Malgré ces pertes de vie humaines, les Canadiens au pays voient avec fierté les exploits militaires de leurs soldats et célèbrent leurs victoires par des manifestations et des défilés massifs.

Des donneurs bénévoles permettent d’assurer la vie des vétérans lors de leur enrôlement, de les inonder de cadeaux au moment de leur départ et pendant leur service, puis de les fêter à leur retour. Ils créent aussi un fonds patriotique et mettent sur pied une division canadienne de la Soldiers’ Wives’ League, qui s’occupe de leurs personnes à charge. Ils fondent également la Canadian South African Memorial Association, chargée de marquer des inscriptions sur les tombes des Canadiens décédés, dont plus de la moitié sont victimes de maladies plutôt que victimes au combat. Après la guerre, les Canadiens érigent des monuments à la mémoire des combattants. Pour la plupart des villes et des villages à travers le Canada, il s’agit des premiers monuments commémoratifs de guerre de leur histoire, et plusieurs existent encore aujourd’hui, dont celui de l’avenue University à Toronto, sculpté par Walter Allward (qui est aussi responsable du monument canadien érigé sur la crête de Vimy, en France).

Cette guerre est prophétique de bien des façons, elle laisse présager ce qui suivra avec la Première Guerre mondiale : le succès des soldats canadiens en Afrique du Sud, et leurs critiques à l’endroit des dirigeants britanniques et de leurs valeurs sociales procurent aux Canadiens une nouvelle confiance en eux-mêmes, ce qui relâche les liens avec l’Empire au lieu de les resserrer. Cette guerre nuit également aux relations entre les Canadiens français et anglais, préparant la voie à l’importante crise de la conscription qui consumera le pays de 1914 à 1918.
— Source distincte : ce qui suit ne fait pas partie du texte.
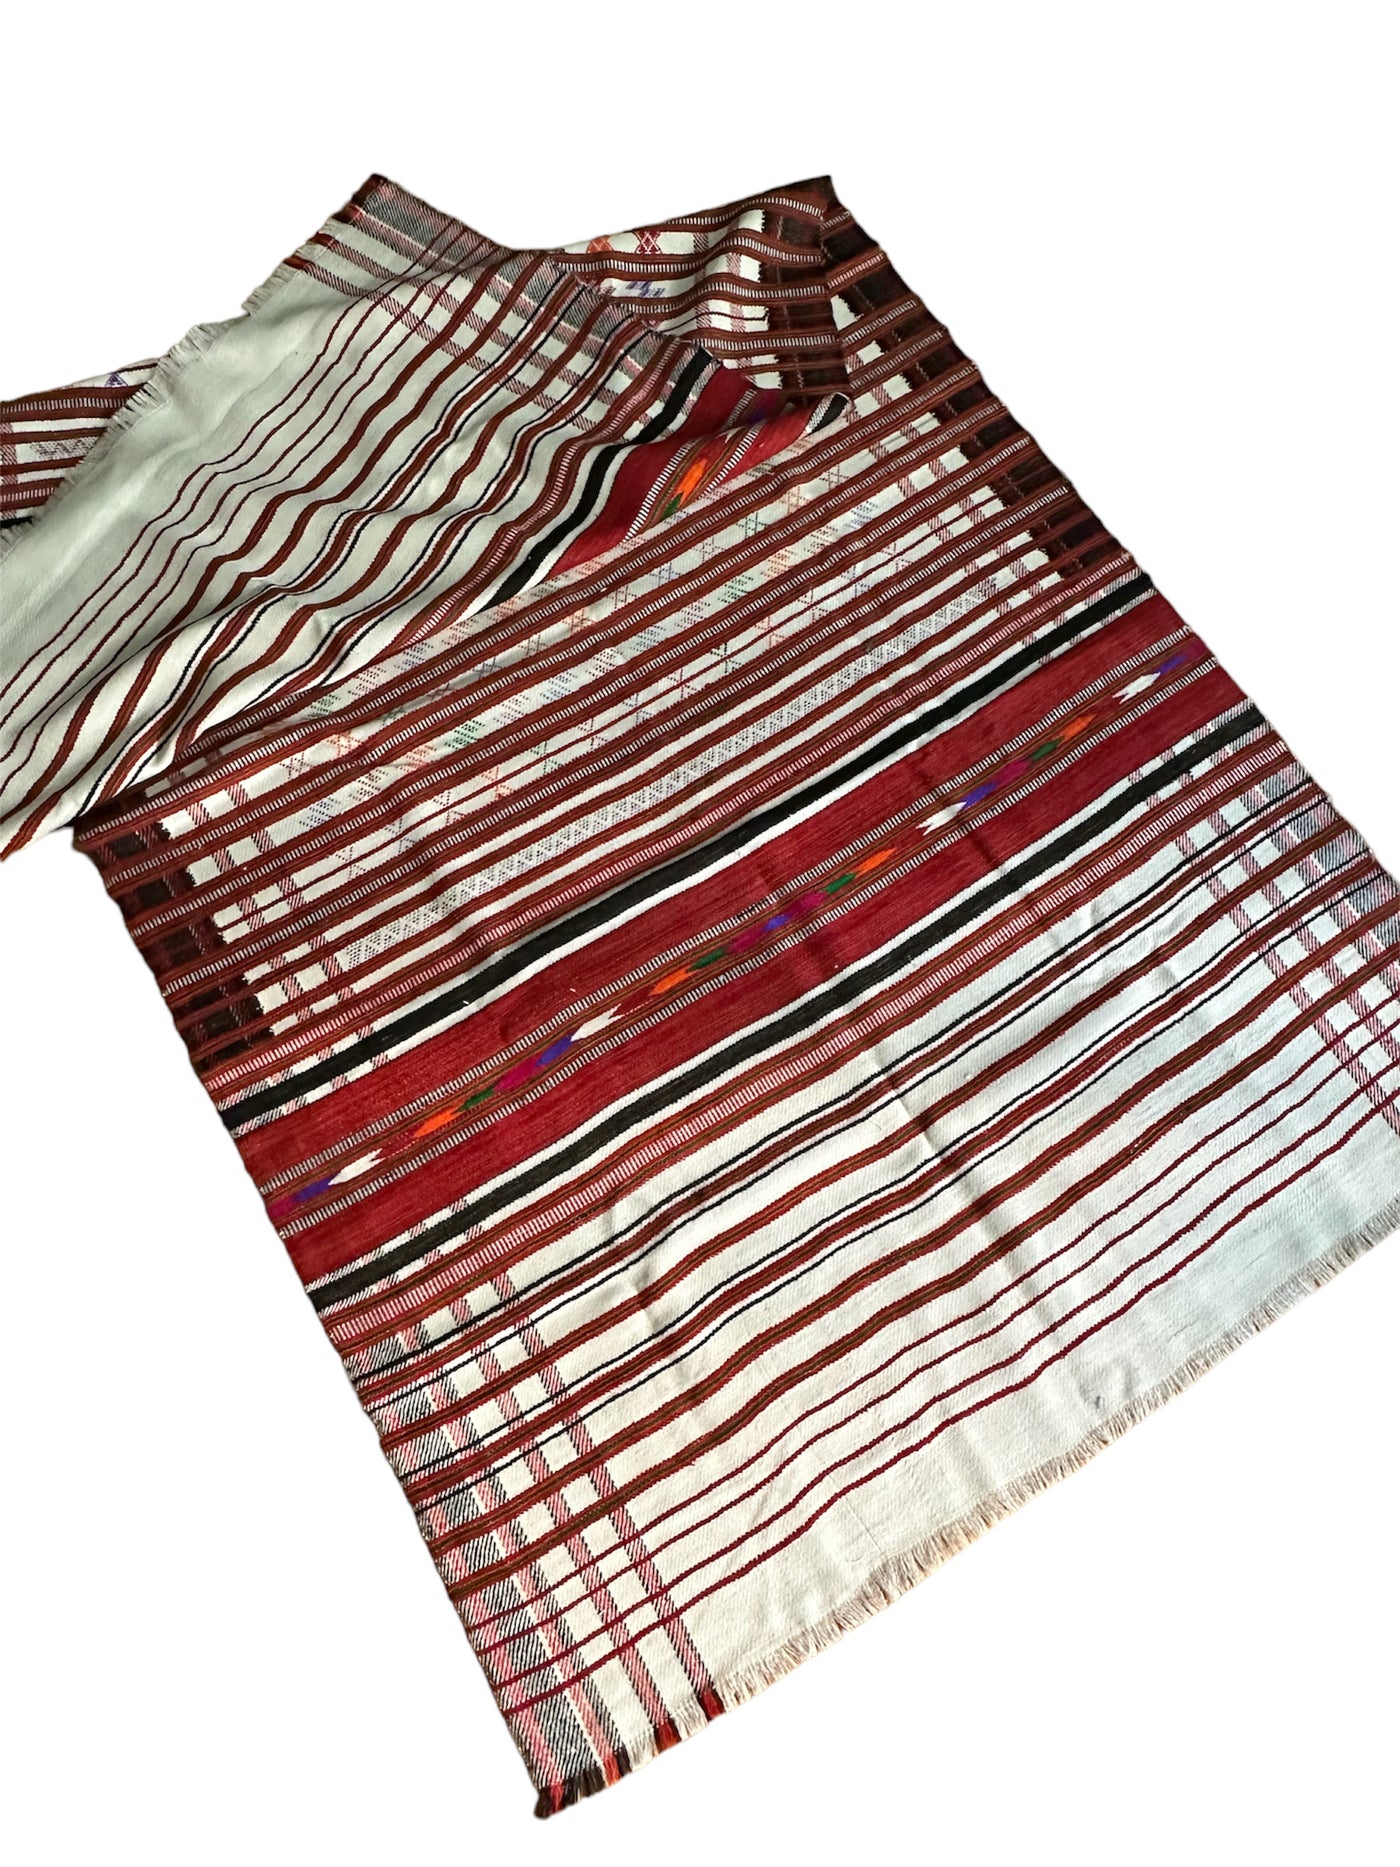 Jaiha shawl

L’Afrique du Sud présente aussi de nouvelles méthodes de combat qui émergeront de manière importante dans le futur; on constate pour la première fois l’avantage défensif d’avoir des soldats solidement retranchés armés de fusils à longue portée, et le monde découvre un avant-goût des tactiques de guérilla.

Deux figures imposantes du 20e siècle font également leur apparition en Afrique du Sud: Winston Churchill, à titre de correspondant de guerre, et Mahatma Gandhi, un avocat de Natal s’étant porté volontaire comme brancardier pour ramener les blessés britanniques des champs de bataille. Au même moment, John McCrae, un poète canadien auteur du célèbre « Au champ d’honneur » (1915; In Flanders Fields), goûte pour la première fois à la guerre en Afrique du Sud en tant que jeune officier de l’Artillerie royale canadienne.